#### [Data excerpt]
>>>

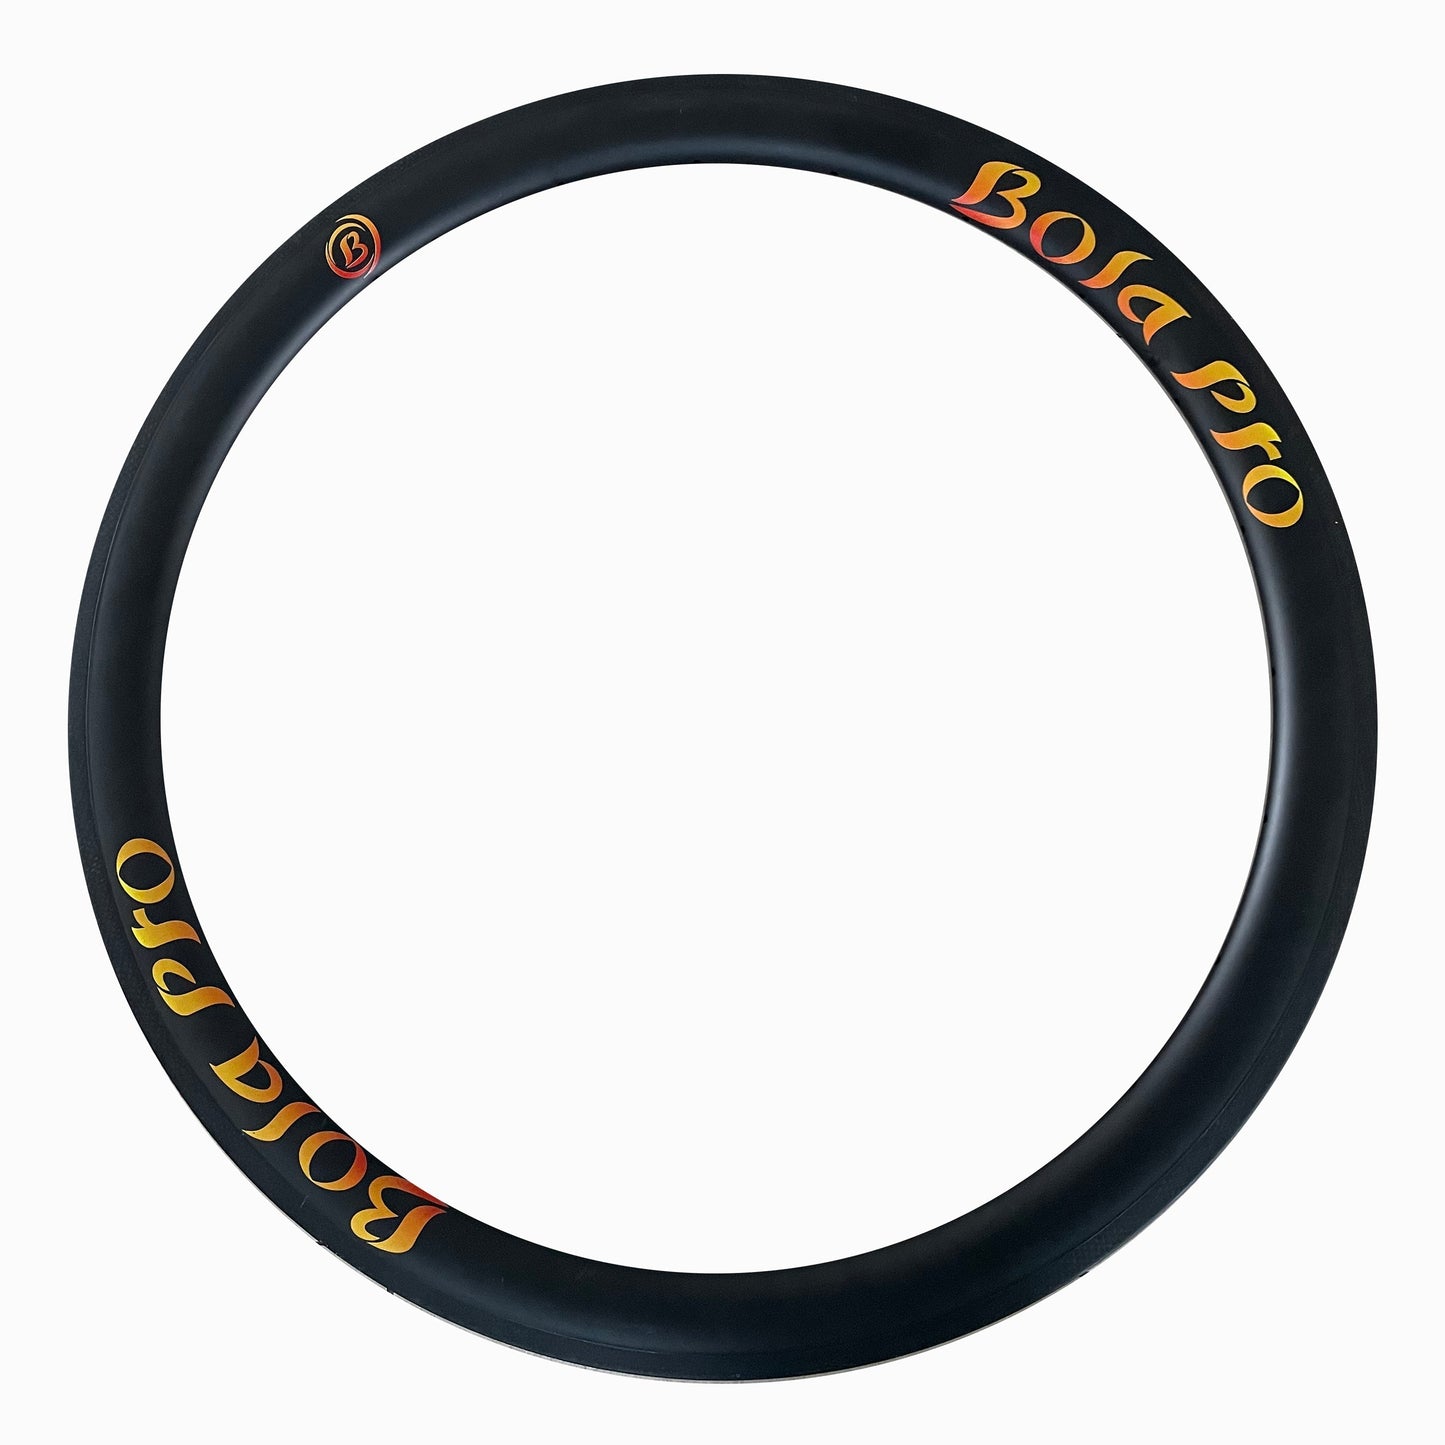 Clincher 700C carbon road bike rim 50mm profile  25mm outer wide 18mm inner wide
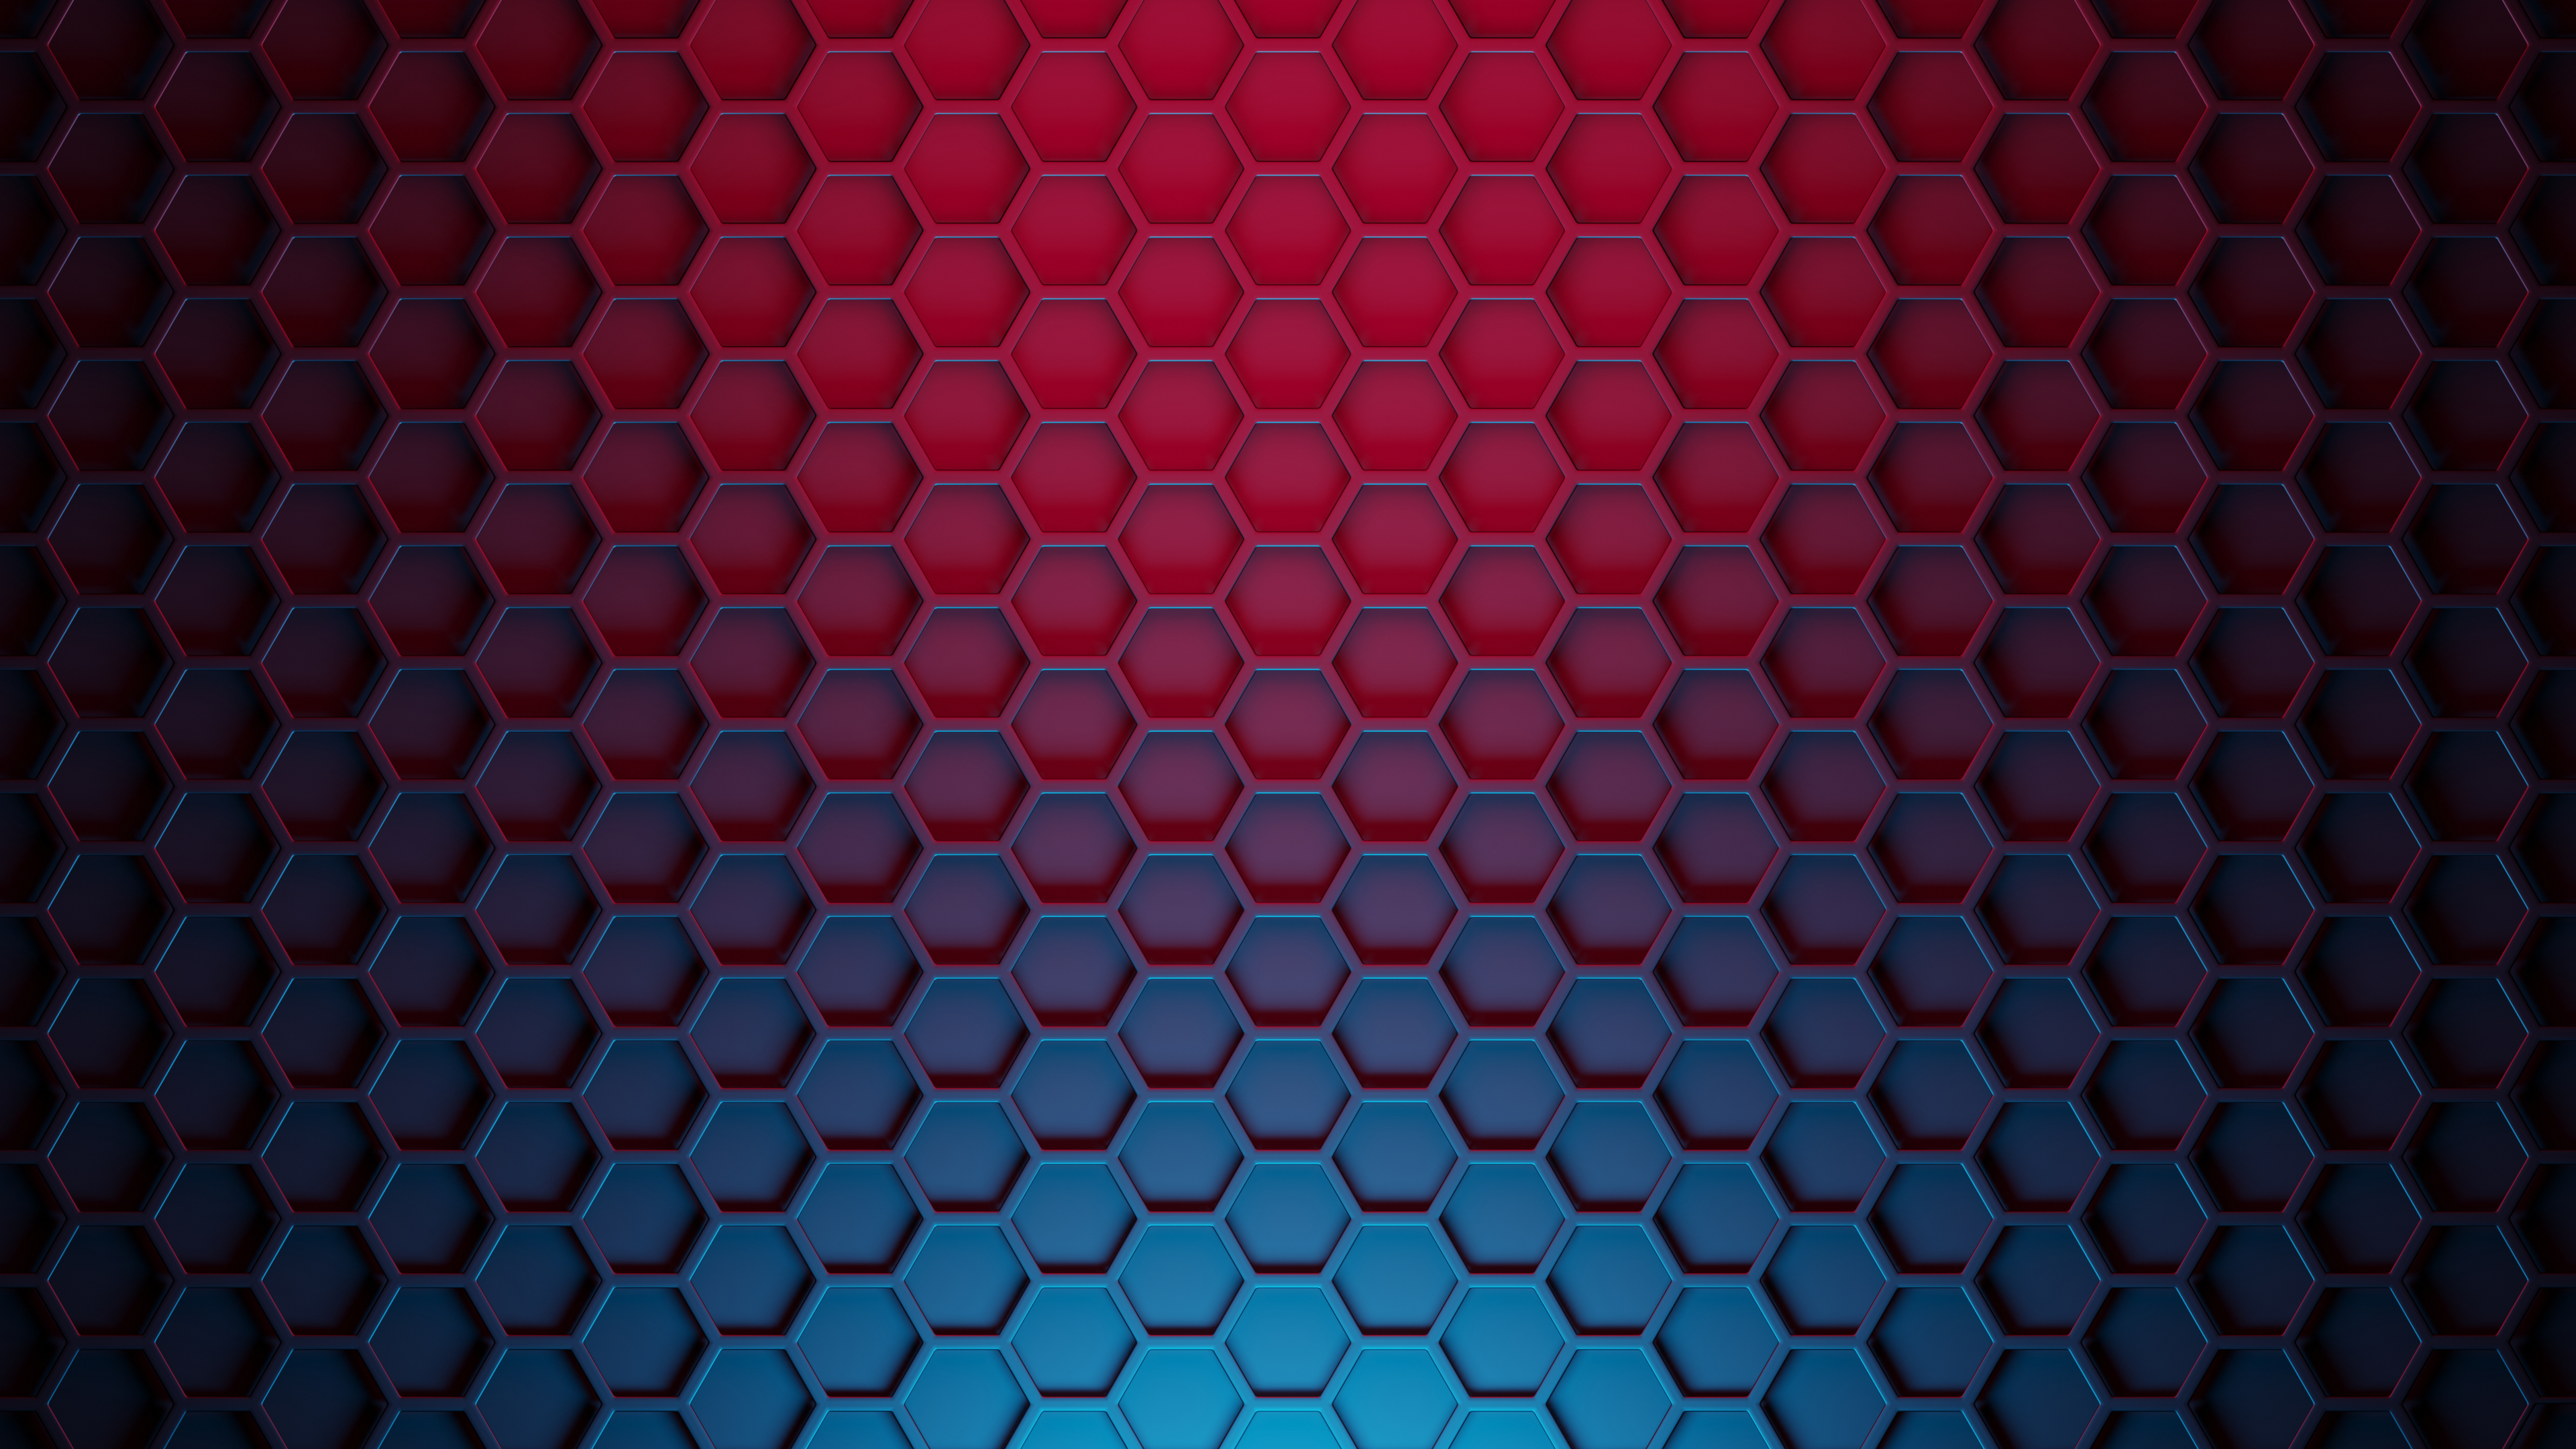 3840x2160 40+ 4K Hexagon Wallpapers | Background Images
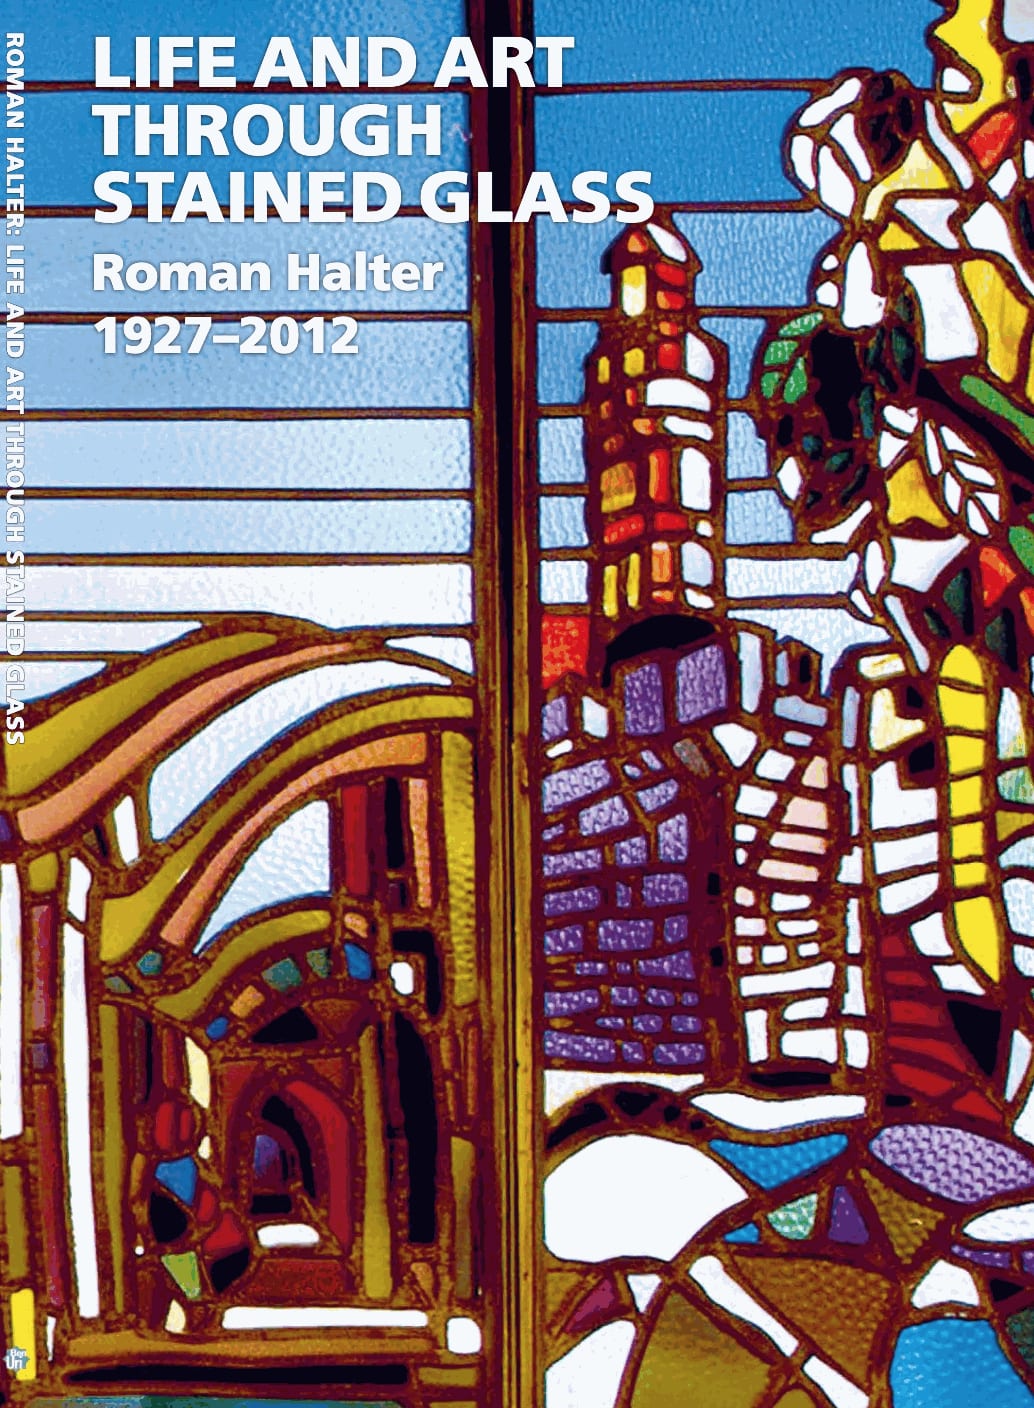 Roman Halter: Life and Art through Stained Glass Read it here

<<<

#### [Task]
Please copy out each line above exactly as written, but not the pictures.

#### [Answer for this exercise]
 Clincher 700C carbon road bike rim 50mm profile  25mm outer wide 18mm inner wide
 3840x2160 40+ 4K Hexagon Wallpapers | Background Images
 Roman Halter: Life and Art through Stained Glass Read it here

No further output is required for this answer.